La qualità della vista nel postoperatorio: un obiettivo fondamentale per il chirurgo oculare e che, come ci racconta nella nostra intervista il dott. Antonio Randazzo, nel caso della chirurgia della cataratta ha molte chance di essere pienamente raggiunto, anche grazie alle tecnologie più avanzate e alla IOL EDOF, che assicurano una visione ottimale a tutte le distanze.

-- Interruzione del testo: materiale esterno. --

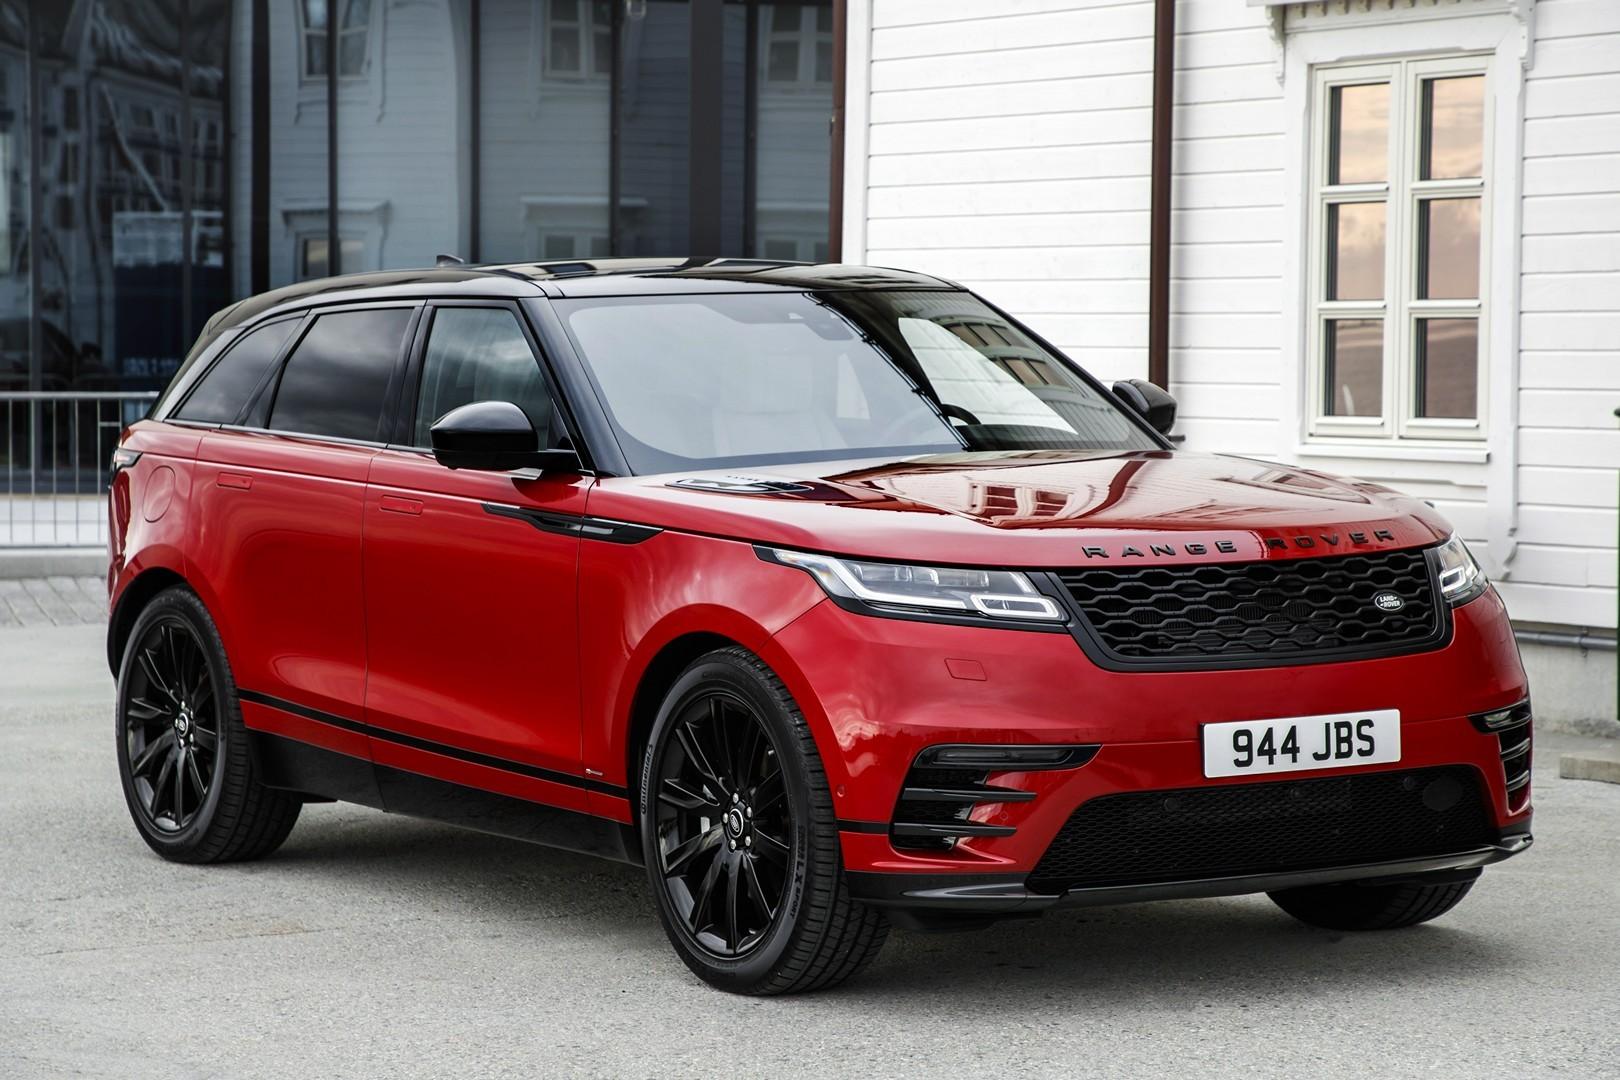 Land Rover Range Rover Velar R Dynamic Hse >> Range Rover Velar Convertible Rendering Looks Like a Luxury Boat - autoevolution

Ci racconta come è approdato all’Oftalmologia e ci descrive il suo profilo professionale attuale?
Ho ricevuto una dose di passione professionalità da mio padre, il dott. Salvatore Randazzo, e quindi possiamo dire che sono “figlio d’arte”.
Dopo un percorso istituzionale presso l’Università di Catania, ho poi affidato alla sanità francese il mio iter formativo, dapprima ricoprendo dei ruoli di formazione universitaria, in qualità di FFI (Faisant Fonction d’interne) e Assistant des Hôpitaux, e successivamente al termine della formazione sono stato ingaggiato come medico strutturato, Praticien Hospitalier.
Ho avuto per circa 2 anni l’onore di guidare il servizio di chirurgia vitreo-retinica dell’ospedale di Le Mans (CH Le Mans).
Al rientro in patria ho avviato diverse collaborazioni chirurgiche in varie strutture del territorio.
Ci racconta un caso clinico inconsueto o particolarmente complesso, che è riuscito a gestire e risolvere?
Ci troviamo di fronte ad un paziente di 65 anni, ipermetrope di +2.75 D ed astigmatico di 1.50 D in OD e +3.5 D con -1.75D in OS (occhio dominato) con cataratta bilaterale.
Il paziente esprime il desiderio di impiantare una IOL che possa, per quanto possibile, eliminare i difetti visivi.
Nel corso del preparatorio ci rendiamo conto di avere tutti i parametri congrui per l’impianto di un sistema Fusion (Mini WELL in OD e Mini WELL Proxa in OS con miopizzazione di -0.25).
Purtroppo, eseguendo la pupillometria dinamica ci rendiamo conto che l’angolo K risulta elevato in OD (Ph. 1).
In accordo con il paziente e spiegati ampiamente tutti i dettagli della procedura, si decide di procedere all’intervento eseguendo una modifica chirurgica dell’angolo K contestualmente all’impianto della IOL.
Tale modifica consiste nell’eseguire 3 piccole sfinterotomie iridee dopo l’impianto della IOL (Ph. 2).
Nel post operatorio si vede bene come la pupilla risulta ben centrata al vertice corneale (Ph. 3) tale da consentire alla IOL di assolvere perfettamente la sua funzione di estensione focale (EDOF).
Il risultato finale, una volta operato anche l’altro occhio, è stato ampiamente apprezzato dal paziente che non porta più occhiali se non sporadicamente una lente a tempiale premontata di sf +1 per il bricolage.
Qualche suggerimento per i giovani colleghi che cominciano il loro percorso in Oftalmologia.
L’iter formativo di un chirurgo refrattivo deve essere basato su un’ottima padronanza della facoemulsificazione ed affiancato da una base teorica di tutta la semeiotica del segmento anteriore.
Oggi qualsiasi chirurgo refrattivo dovrebbe disporre del massimo della tecnologia per eseguire in maniera standardizzata tali procedure, come ad esempio usare biometri di nuova generazione o sistemi di allineamento elettronico della IOL.
Ma tutto questo da solo non basta perché per scegliere la migliore soluzione refrattiva del singolo paziente c’è anche bisogno di comprendere dapprima la psicologia e le aspettative del paziente stesso per poi successivamente spiegare in maniera chiara vantaggi e limiti della procedura.
Nella discussione preoperatoria bisogna evitare scenari miracolistici, ma al tempo stesso rassicurare il paziente con la propria serietà ed esperienza maturata sul campo.